2020年1月19日日曜日
話者と聴者のイメージギャップ
今日(1/19)の午前中は、アンチの修繕専門委員会。午後は、やはり団地の「給水管等更新工事設計に関する説明会」。前者は、12名ほどの専門委員会だが、後者は住民の約半数が参加する。
前者は大きな課題をひとまず片付けているから、部屋のリフォームに関する「承認事項」と引き続き検討している「給湯器の背面板の下半分を覆う風水害について」。前回おおむね結論が出ていたのに、委員長のちゃぶ台返しがあって、持ち越していた。
今回は副委員長が「提案文書」をまとめ、若干の文言修正で運ぶかにみえた。ところが、委員長が横槍を入れる。反対しているのではない。この「提案」に書かれていることは、管理組合が責任を持つべき当然の業務であるから、「総会で改めて決議する必要はない」というもの。だが、漏水事故が起これば管理組合が全面的に修復責任を負う事項だが、その漏水事故を避けるためには、関係住戸の専有部分である給湯器の背面の下半分に、防水措置をしてもらわねばならない。その両者が「関係している」という再確認である。
関係住戸がそれを行うかどうかは持ち主の判断に任されるが、やってもらわねばふたたび漏水事故が起きる可能性は大きい。修繕費用は一件当たり数十万円になる。ところが、簡易防水措置を施すのに必要な資材を管理組合で一括購入すると、関係住戸50戸余全部の分を負担しても1、2万円ほどで済む。1戸当たり500円弱なら、管理組合が呼び掛けて資材を用意し、背面の防水措置を施すのだけ、各戸居住者全戸にやっていただく。もし必要ならば修繕専門委員会がお手伝いする、という提案。
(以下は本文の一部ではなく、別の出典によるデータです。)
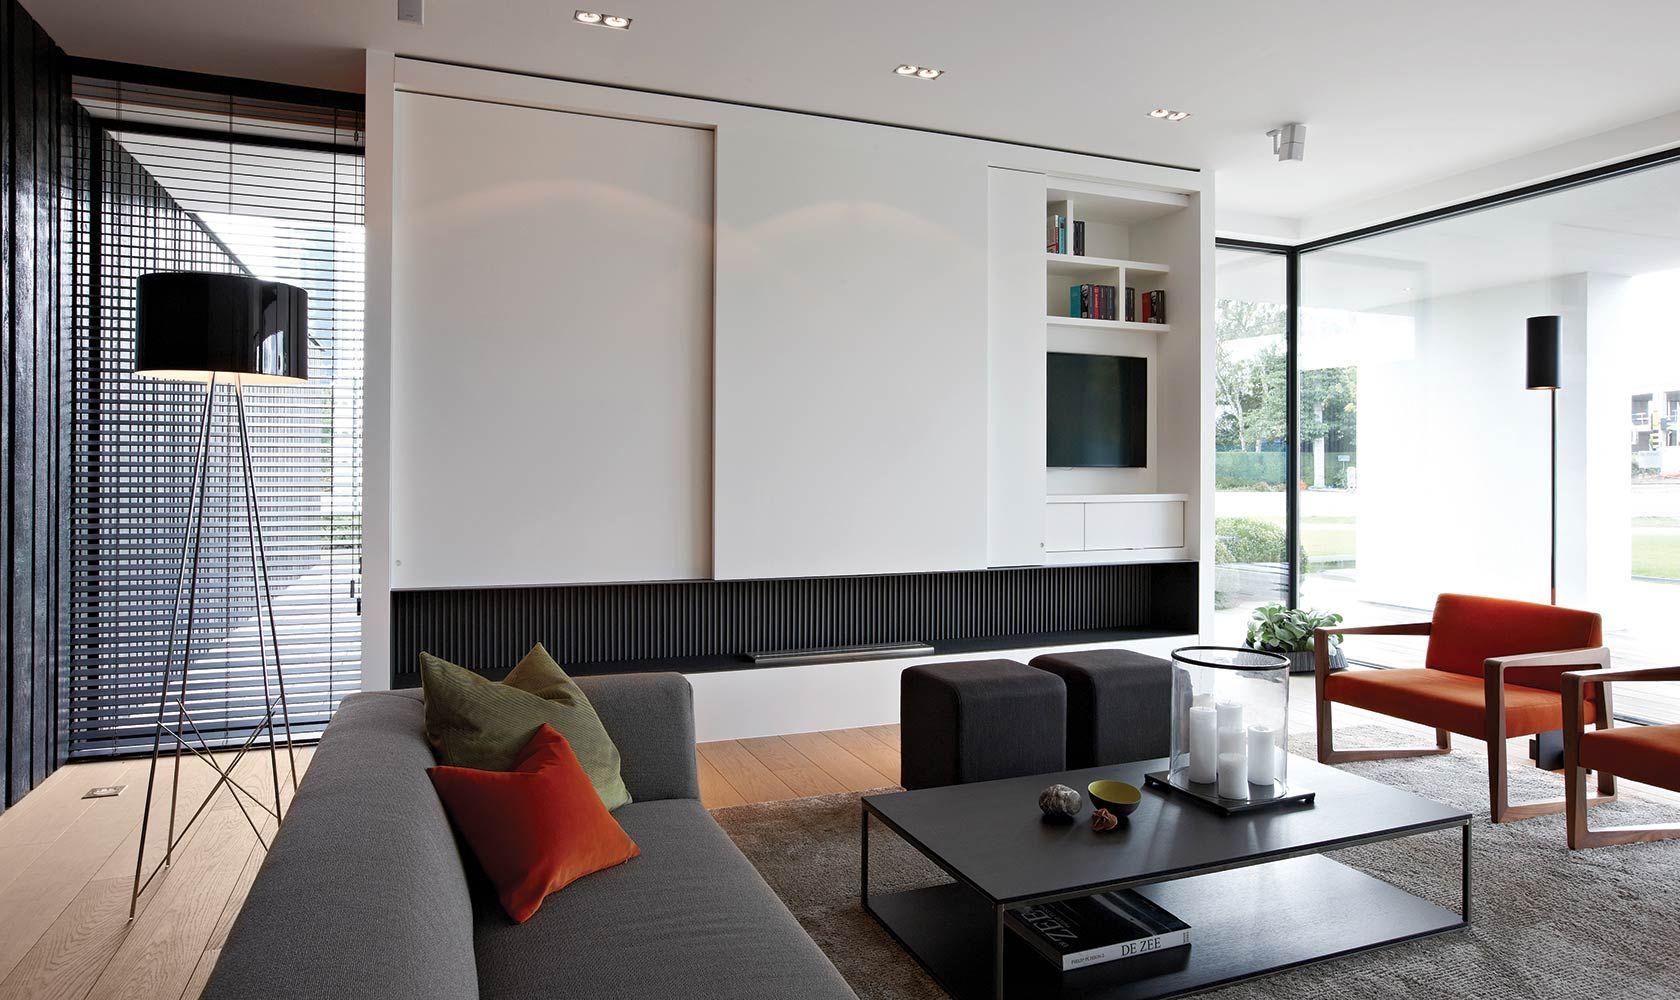 moderne gezellige woonkamer - Google zoeken | Woonkamer ...

前回ちゃぶ台返しをした委員長は、今回それには同意した。だが上記の措置に付け加えて「防水措置を施していても漏水事故が生じた場合には、管理組合がその因を調査し、修復の責任を負うと総会において再確認する」という部分は、無用だと委員長はいう。副委員長は、居住者の事故防止措置を促しながら、なおかつ、管理組合の責任を確認することで、双方で共同して対処していきましょうというほどの思いを込めていたと思われた。じっさい、別の方から「防水措置をしていないところで漏水事故があった場合は、どうなるの?」と質問があり、行間には「ぜひ、責任をもって防水措置をしてください」という趣旨が込められている、「再確認は必要」との声もあった。だが、委員長は、管理組合の当然の業務を再確認する必要はない。「総会で再決議するというのは、たいへんなことだ」と力説する。
委員長は、副委員長の「(起こっている事態に居住者と管理組合の双方が)バランスを取る」というのを無用と言っているのかと思ったが、どうもそうではないらしい。「一般論になるが、各住戸の専有物に関して、管理組合が責任を負ってくれという要求が増える」という。「どういうケース?」と問うが、「一般論です」と提示はできない。「たいへんなことなんだ」と繰り返すから、「どういうこと?」と訊ねるが、ご本人もよくわからないようなのだ。まいったなあ。こういうのって。結局、どう文言をまとめて総会に提示するかは理事会にまかせる、として散会した。
つまり、何か大切なことをイメージしているのかもしれないが、言葉にならない。とどのつまりは、ご本人が言葉にできるまで待つしかないが、協議の時間には限りがある。ほかに反対者がいないのであれば、ここは、委員長と言えども、引き下がるしかあるまい。
もうひとつ、午后の「説明会」。建築コンサルティング会社が給水管更新のことについて、居住者の質問に答えている。市の水道管からの直結増圧で、現在の給水状況に変化がどう出るのかという質問。説明している業者は、現在の水の出と較べて、5階は変わらないとすると、1階は水の出が悪くなったように思うだろうと説明する。つまり直結方式にすると水圧は均等化するらしい。質問者は、「えっ、どうして? 下の階の方が水圧は強くなるんじゃないの?」と再質問。業者は、あくまでも5階の水の出を現在と同じにすると、1階はいまより悪く感じるかもしれないと繰り返す。イメージの起点が、すれ違っている。
これもまた、それぞれの説明者と受け取る人とのイメージしていることが違うから、生じている「不具合」だ。こういうことって、日常的に案外、多いんだね。「社会の国語力が落ちた」と佐伯啓思がいうのは、話者ー聴者のイメージが多様になり、容易に想定できなくなっているのかもしれない。ことばに頼ることばかりが多くなって、表現もまた厳密になって、めんどくさくなっているのかなあ。そう思った。